Stored data:
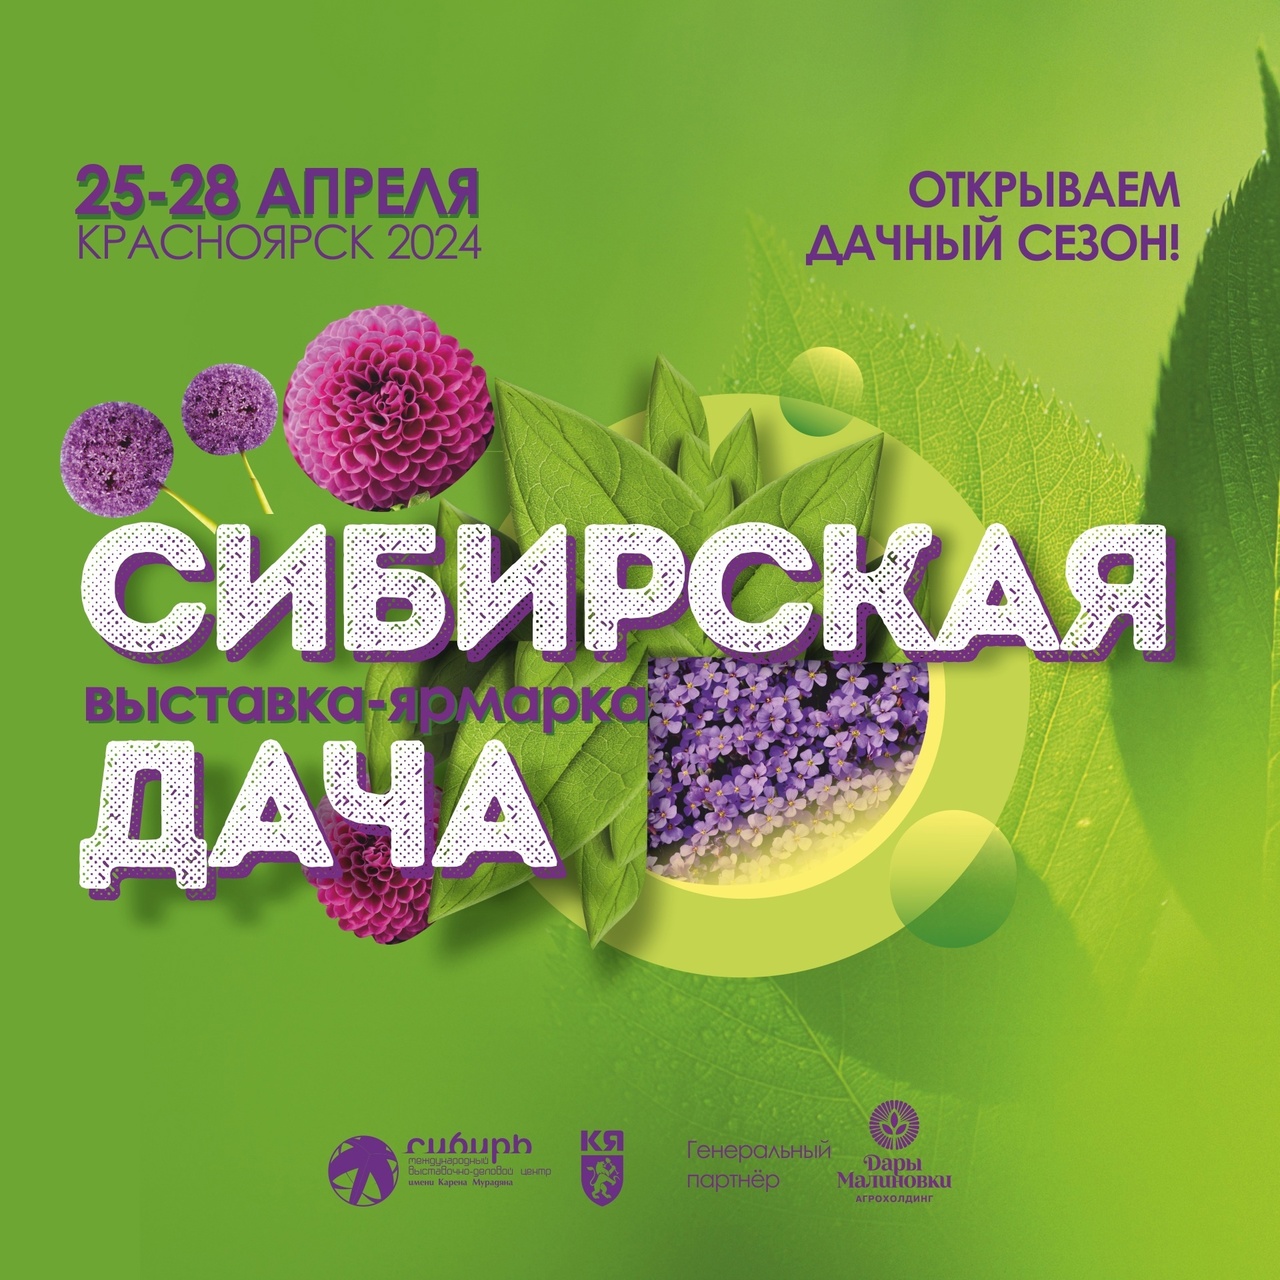 Ярмарка в Красноярске с 25 по 28 апреля в МВЦ Сибирь на выставке-ярмарке "Сибирская дача"
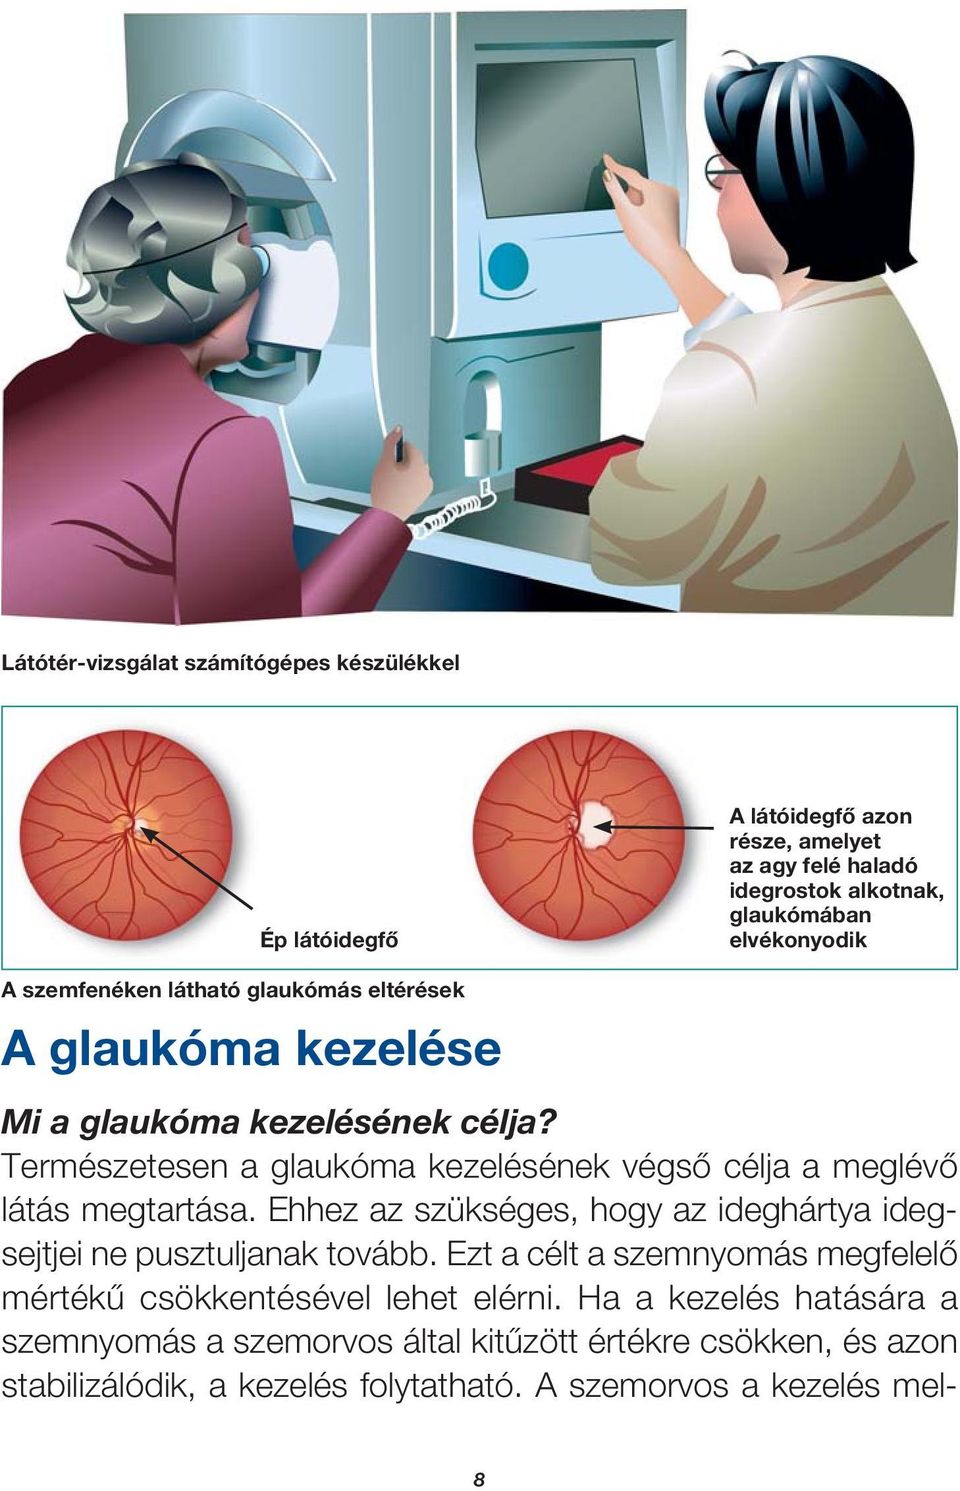 magas vérnyomás kezelése glaukómában)
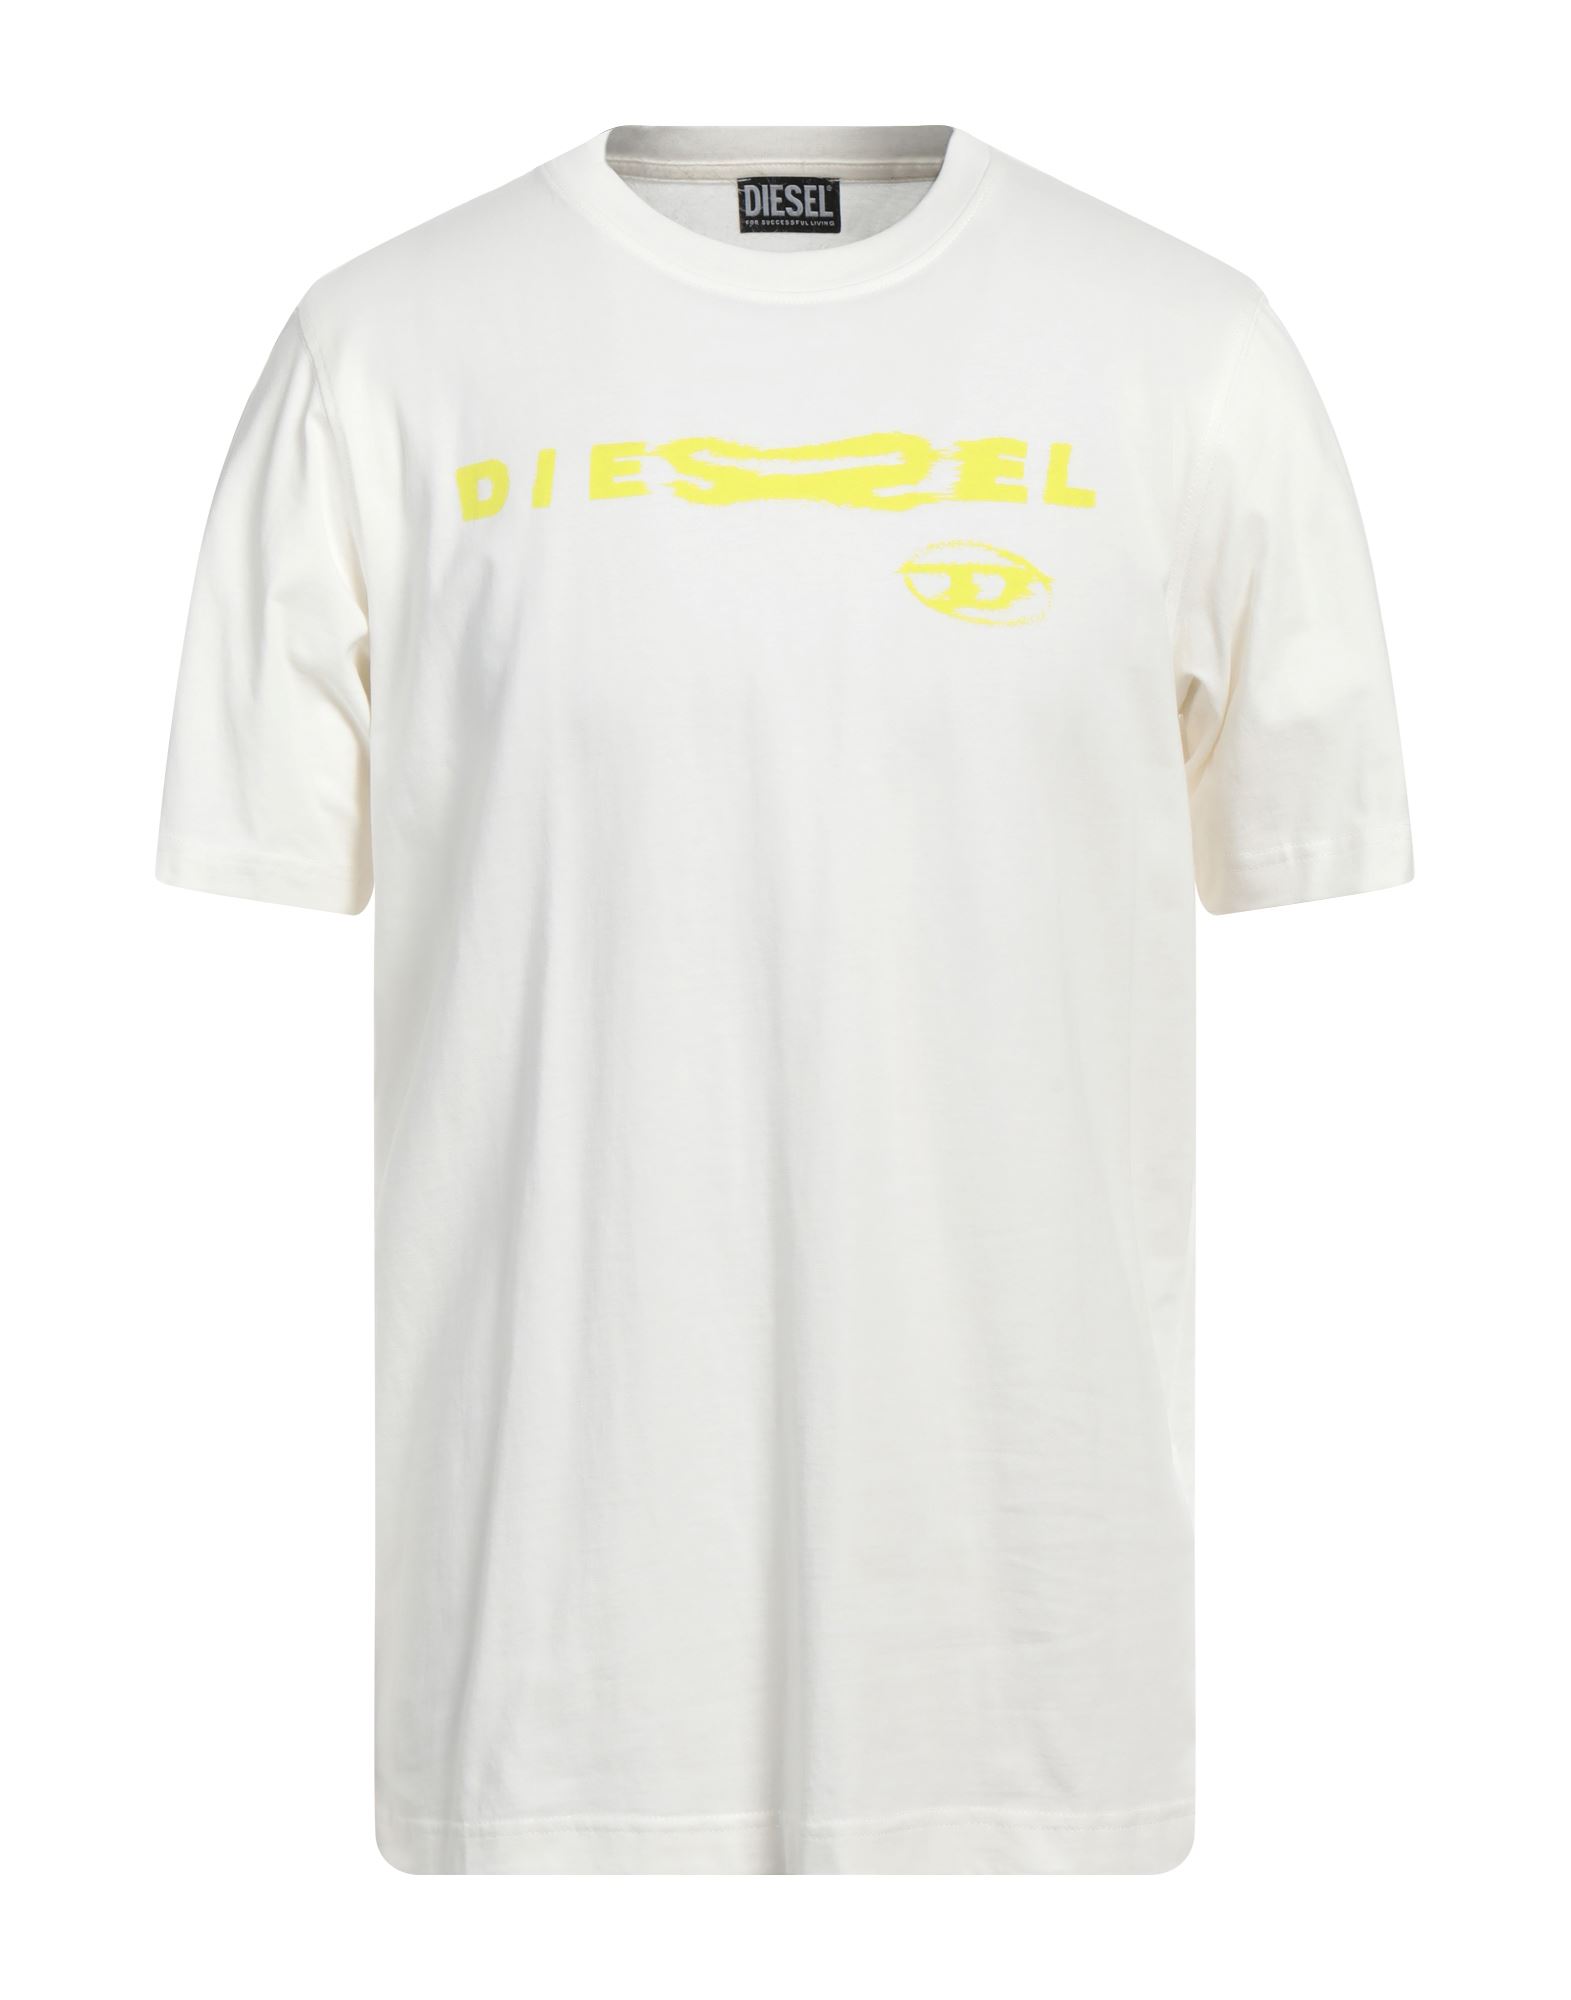 DIESEL T-shirts Herren Elfenbein von DIESEL

What this task involves: Give back the whole listing exactly as it stands. Drop every picture.

Exercise response:
 Ярмарка в Красноярске с 25 по 28 апреля в МВЦ Сибирь на выставке-ярмарке "Сибирская дача"
 magas vérnyomás kezelése glaukómában)
 DIESEL T-shirts Herren Elfenbein von DIESEL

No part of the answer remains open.